En effet, la procrastination peut être un mécanisme prolongé de résistance insidieuse. Si elle dure longtemps, elle finira par empêcher l’émergence de tes élans créatifs naturels. À la longue, elle te laissera frustrée, insatisfaite et même déprimée.

D’un autre côté, la procrastination peut faire partie des différents cycles de la créativité.

Parfois, on passe beaucoup de temps à créer de manière soutenue. Notre cerveau est en mode concentré pour un certain temps, mais il aura besoin d’une pause à un moment donné.

Habituellement, c’est là qu’on fait autre chose qui n’a rien à voir avec la créativité, mais qui de manière étonnante régénère le cerveau créatif et l’imagination.

Jardiner, aller marcher, parler à des amis, faire une sieste, prendre une douche, regarder des vidéos drôles, réparer quelque chose de manuel, tout cela peut permettre de procrastiner de manière positive.

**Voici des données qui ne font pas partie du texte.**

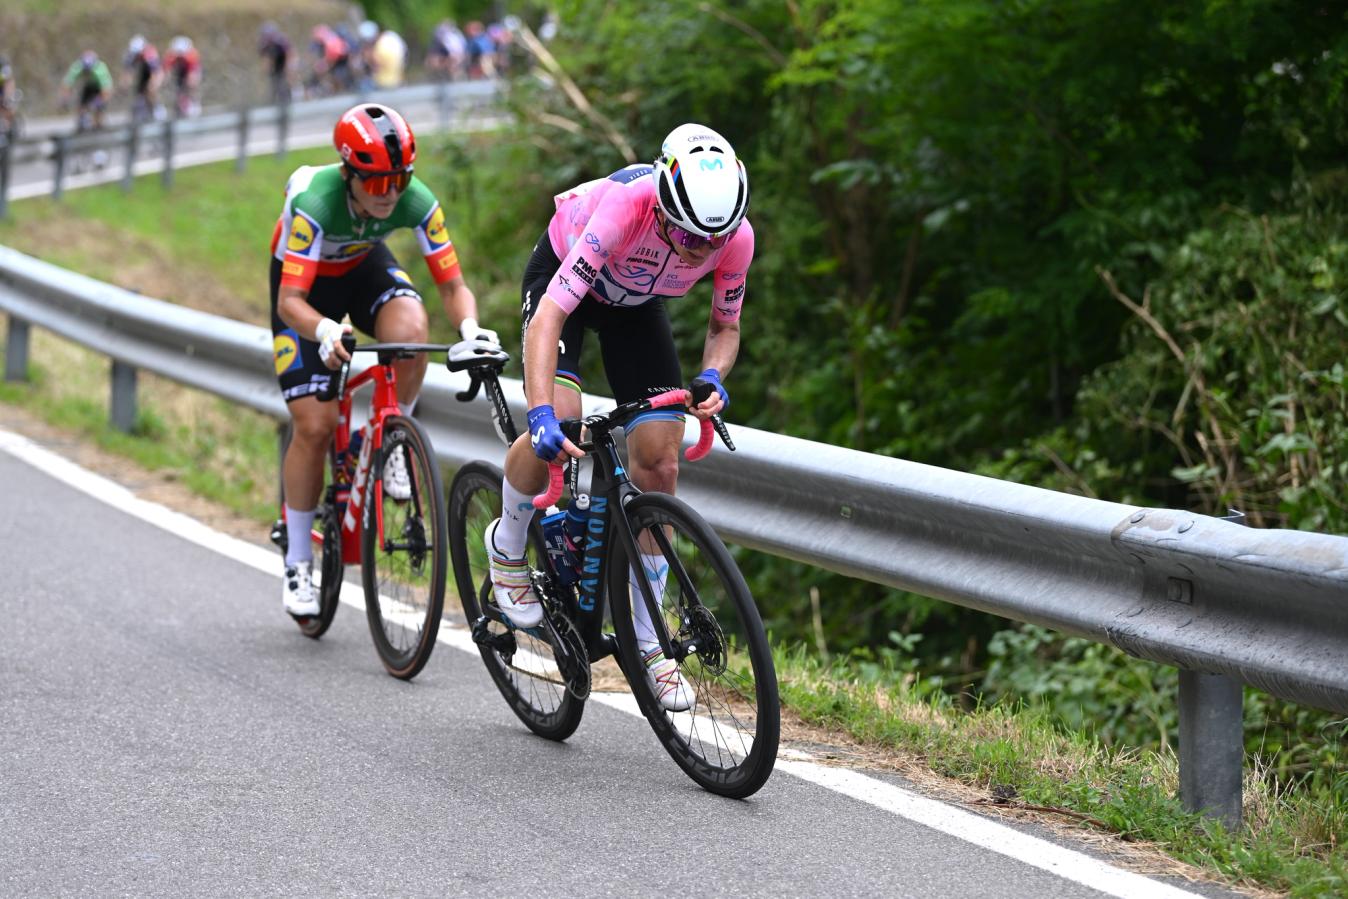 Elisa Longo Borghini (Lidl-Trek) was the only rider who could go with Annemiek van Vleuten (Movistar) in the early part of the Giro d'Italia Donne

Donne-toi la permission de procrastiner quelques jours sans te juger et faire complètement autre chose. Et regarde ensuite si cela a renouvelé ton énergie et ton élan créatif.

DEALER AVEC TES BLOCAGES CRÉATIFS

Passer à l’action sans réfléchir

Il existe différentes manières de dealer avec tes blocages créatifs. Quand tu constates que tu es bloquée, une manière efficace, c’est de passer à l’action. VITE.

Écris un rendez-vous dans ton agenda comme un engagement avec toi-même. Commence avec 15 minutes. Respecte ton engagement, peu importe les protestations ou l’ironie de ton critique intérieur.

Quand le moment est venu, prends quelques items de matériel d’art. Ne prend pas une grande quantité, car cela peut te paralyser davantage que d’encourager le passage à l’acte.

Voici deux conseils pour surmonter les blocages créatifs : créer sur un petit format et créer sur des courtes périodes de temps (5-15 minutes).

Tu peux lire mon article « le secret pour créer plus souvent » pour t’inspirer davantage avec ces outils:

MON MANIFESTE ANTI-BLOCAGE

Parfois, je m’aperçois que je fuis ma créativité, ou que je suis prise dans un pattern de remettre les choses à plus tard.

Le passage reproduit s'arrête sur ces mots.